Coming Home
Tremont. This Tennessee valley of the Middle Prong of the Little River does not differ widely from Deep Creek or Greenbrier or Cosby or most of the other branches and hollows of the Smokies. Each, including Tremont, penetrates the hills, divides them like a furrow, and protects its own rocky, racing stream with a matting of thick, green growth. Nearby Cades Cove and North Carolina’s Cataloochee might guard a few hectares of lush, hill-cradled pasture or farmland, but even these are stamped with the clear, cool air and feel of the Great Smoky Mountains.
So Tremont is representative. And, perhaps because of this, it is a symbol—a symbol of both the mystery and the clarity of the mountains which give it a name. There is, for example, the legend of a small boy who wandered into the backcountry above the “Sinks” and was lost for two days. Uncle Henry Stinnett, a worried neighbor, searched in vain for the boy until he dreamed, on the second night, of a child sleeping near a log on a familiar ridge. Henry Stinnett renewed the search, and the boy was indeed found asleep “under the uprooted stump of a tree.”
And side by side with such a strange vision exists its opposite: the unforeseen. In August of 1947, a young woman was sunbathing on the boulders of the river. While she enjoyed the rays of the warm sun downstream, the high upper reaches of the prong were being flooded by the swollen, flash attacks of a hidden cloudburst. Within minutes, the woman drowned in a hurtling wall of water.
Yet there is also a clarity here that offsets the unknown. It is a quality of outlook, a confidence of ability and expectation for the future as immense as the mountains which inspire it. But it is an awareness grounded in the facts of history and anecdote and the crisp, fresh sounds of children’s voices.
“Black Bill” Walker knew about children; he had more than 25 himself. A double first cousin to the father of Little Greenbrier’s Walker sisters, “Black Bill” or “Big Will” Walker moved into the lonely valley in 1859. He was only 21 years old then, and his name was simply William. He was accompanied by his strong 19-year-old wife, Nancy.
His mother was a Scot, a member of the McGill clan. His father, Marion, was another of those multitalented frontiersmen: miller, cattleman, orchardist, bear hunter, saddlebag preacher. William took up where his parents left off. He became the leader, the ruler of the community he had started. He was rumored to have been a Mormon, although denominations mattered little in the wilderness. He and Nancy raised seven children.
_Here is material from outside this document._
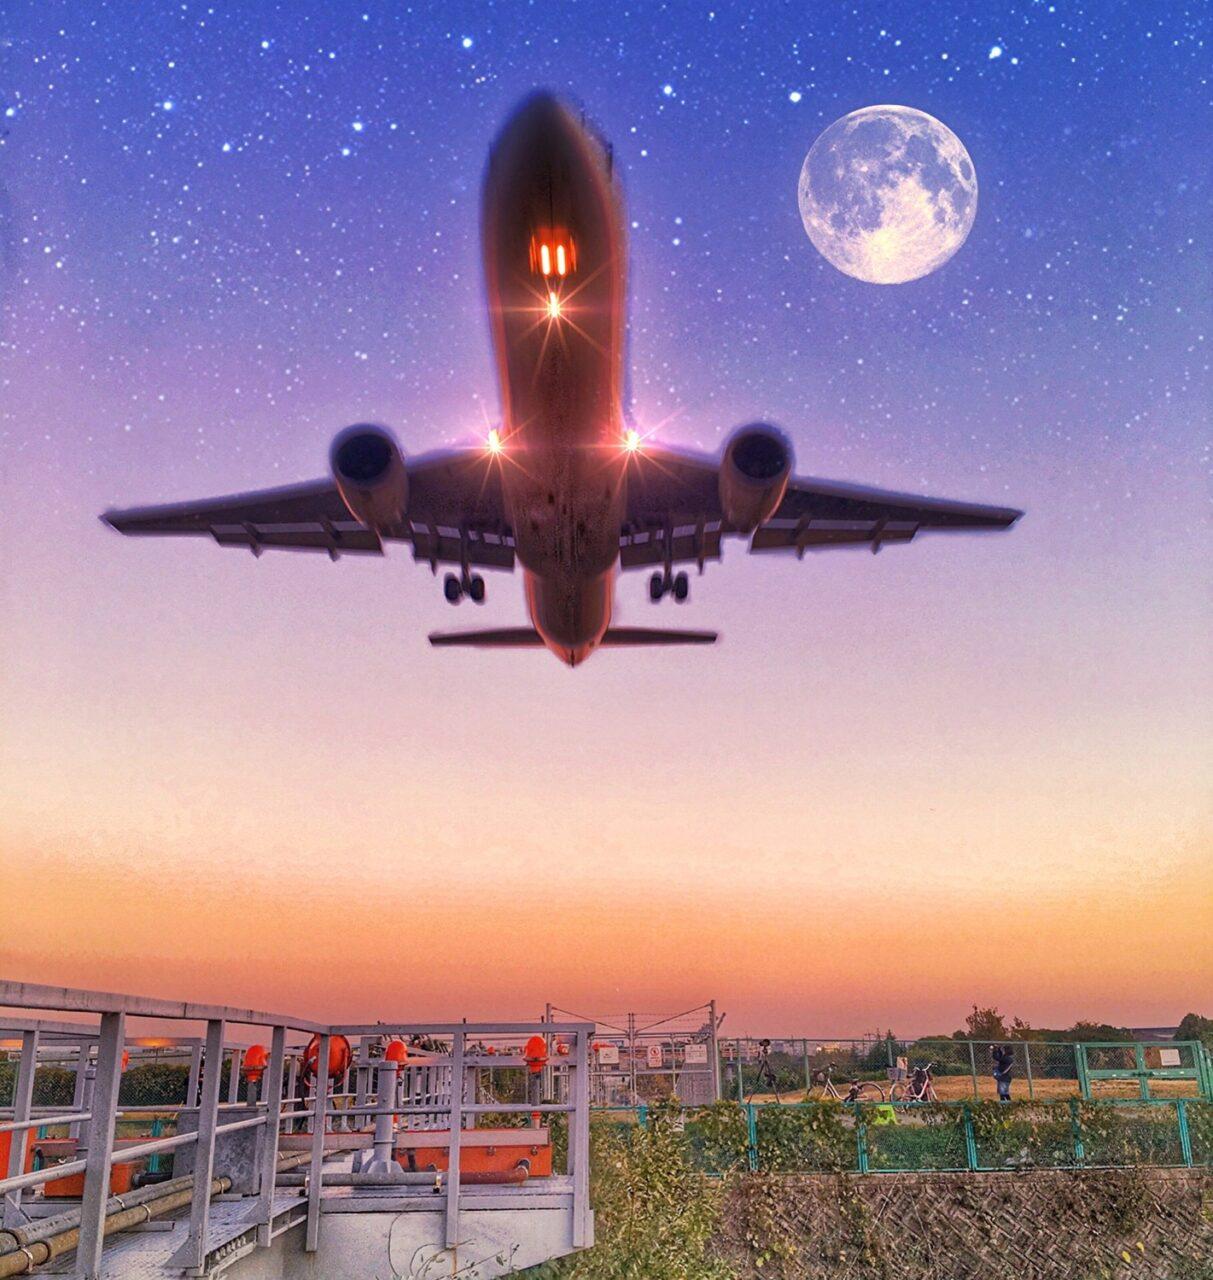 TVで海外旅行をエンジョイしよ。おうちで世界に飛んだ気分を満喫できるミニ番組

Later wives bore him approximately 20 more.
He milled his own corn and built log cabins for each of his families. He fashioned an immense muzzle-loading rifle, nicknamed it “Old Death,” and handled it with rare skill. Horace Kephart, in a 1918 magazine article, tells of a conversation he had with the 80-year-old hunter:
“Black Bill’s rifle was one he made with his own hands in the log house where I visited him. He rifled it on a wooden machine that was likewise of his own make, and stocked it with wood cut on his own land. The piece was of a little more than half-ounce bore, and weighed 12½ pounds ... the old hunter showed me how he loaded....
“‘My bullets are run small enough so that a naked one will jest slip down on the powder by its own weight. When I’m in a hurry, I pour in the powder by guess, wet a bullet in my mouth, and drop it down the gun. Enough powder sticks to it to keep the ball from falling out if I shoot downhill. Then I snatch a cap from one o’ these strings, and—so.’